Availability of soil nutrients, including Fe, can also be enhanced by increasing the volume of soil explored (Figure 1B➓). This is achieved by root fungal symbionts which greatly extend the scope of the roots through their fine hyphae. Increases in plant iron content have been ascribed to a better access to soil nutrients via fungal networks (Caris et al., 1998; Liu et al., 2000; Farzaneh et al., 2011). In addition, iron is transported into root cells by endosymbionts (Gonzàlez-Guerrero et al., 2016).

Plant Iron Physiology Modulation by the Rhizosphere Microbiota

Rhizosphere microorganisms modulate plant iron uptake mechanisms. The expression of genes involved in strategies I and II is modulated in the presence of microorganisms (Figure 1B➏; Zhang et al., 2009; Nagata et al., 2013; Nagata, 2017; Kobae et al., 2014; Zhou et al., 2016, 2018; Wang et al., 2017; Kabir et al., 2020). Rhizosphere acidification and ferric reductase activity (implied in strategy I) and plant PS synthesis (implied in strategy II) are enhanced (Reza, 2017; Wang et al., 2017; Zhou et al., 2018; Prity et al., 2020). The production of plant phenolics known to impact plant iron uptake and remobilization (Figure 1B➎; Fourcroy et al., 2016; Curie and Mari, 2017; Waters et al., 2018) and iron assimilability in food due to their antinutrient properties (Delimont et al., 2017) is also modified. Fluorescent pseudomonads induce the ISR (Van Loon et al., 2008; Berendsen et al., 2015) which regulates the expression of the root-specific transcription factor MYB72 and the MYB72-controlled beta-glucosidase BGLU42 (Zamioudis et al., 2014). These factors control the synthesis and excretion of iron-mobilizing FPCs in Arabidopsis (Palmer et al., 2013). Coumarins improve plant performance by eliciting microbe-assisted iron nutrition (Harbort et al., 2020). The concentration and composition of phenolic compounds in edible parts of plants is regulated by associated microorganisms (e.g., Basha et al., 2006; Lavania et al., 2006; Baslam et al., 2011; Jain et al., 2014; Singh et al., 2014; Baker et al., 2015).

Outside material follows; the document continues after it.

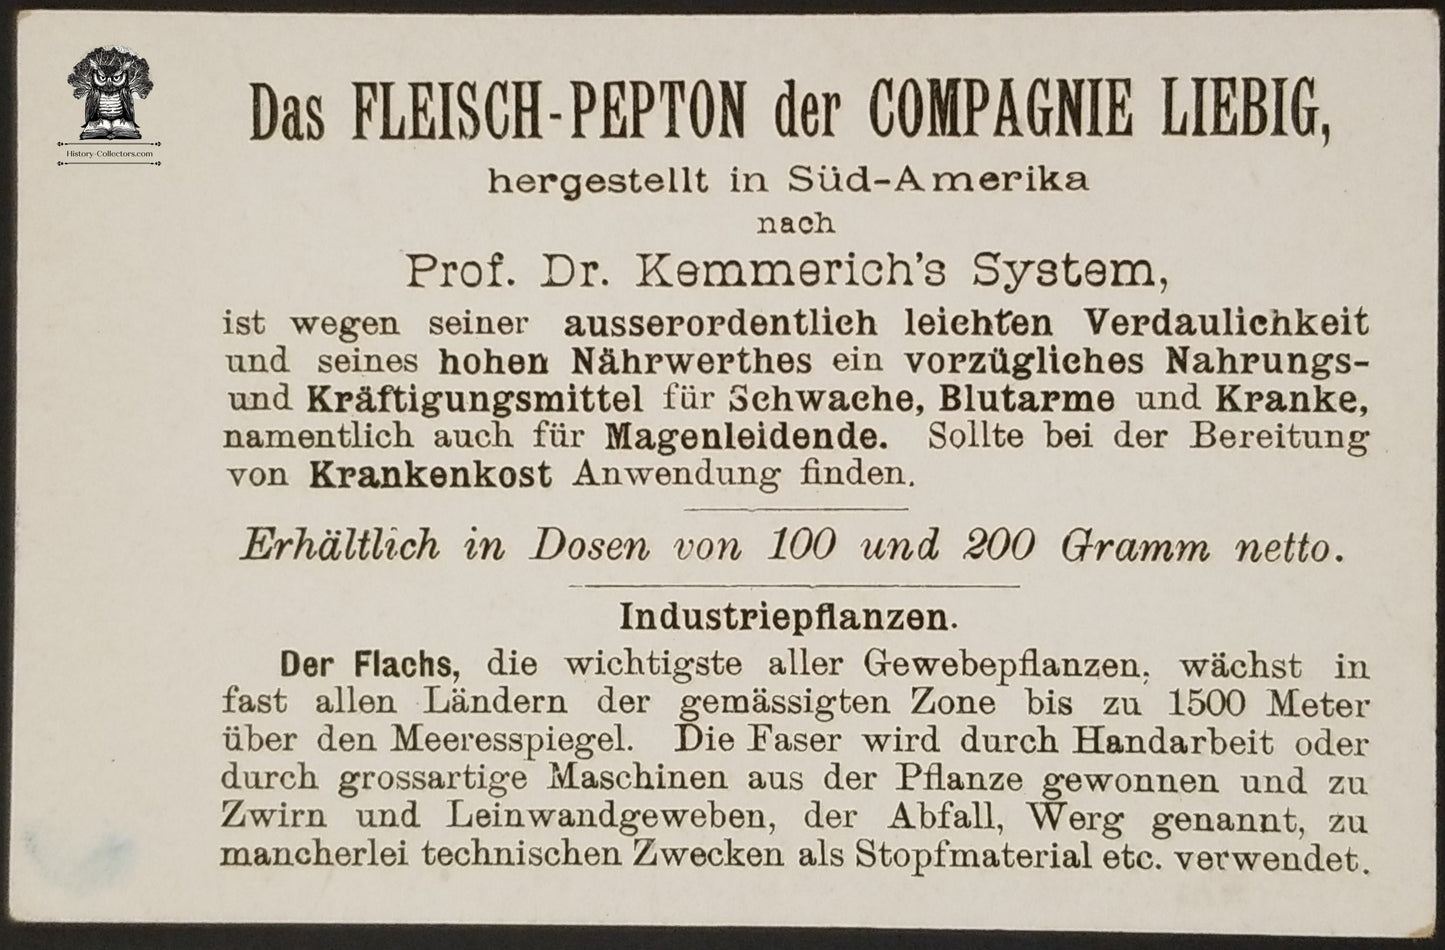 1880's Liebig's Extract German Advertising Trade Card - Flax Fiber Harvest

Microorganisms modulate plant hormone signaling, which in turn impacts the plant iron physiology by modulating iron acquisition and homeostasis (Figure 1B➑; Lei et al., 2014; Li et al., 2015; Filiz and Kurt, 2019). Plant hormone signaling is under the control of microorganisms through the elicitation of the induced systemic response (ISR), a plant response interrelated with the plant iron deficiency response (Zamioudis et al., 2014; Romera et al., 2019). Changes in the plant indole acetic acid (IAA) and iron contents are observed concomitantly after bacterial inoculation, suggesting that microorganisms impact together hormone signaling and iron nutrition (Zhou et al., 2016, 2018; Housh et al., 2021). Emission of volatile organic compounds (VOCs) by Bacillus amyloliquefaciens promotes plant iron nutrition in Arabidopsis, and this promotion requires nitric oxide (NO) regulation (Wang et al., 2017), suggesting that the beneficial effect of the rhizosphere bacterial strain is regulated by plant hormone signaling. Rhizosphere microorganisms may either synthesize or degrade phytohormones [i.e., abscisic acid (ABA); IAA; gibberellic acid (GA); cytokinins (CKs); salicylic acid (SA); ethylene (Et); NO] and therefore modulate phytohormone concentrations (Horchani et al., 2011; Bakker et al., 2014; Egamberdieva et al., 2017; Ravanbakhsh et al., 2018). For example, the concentration of ethylene, a key regulator of root apoplastic iron remobilization under Fe shortage (Curie and Mari, 2017), is regulated by microbial 1-aminocyclopropane-1 carboxylic acid (ACC) deaminase that degrades the Et precursor (Ravanbakhsh et al., 2018).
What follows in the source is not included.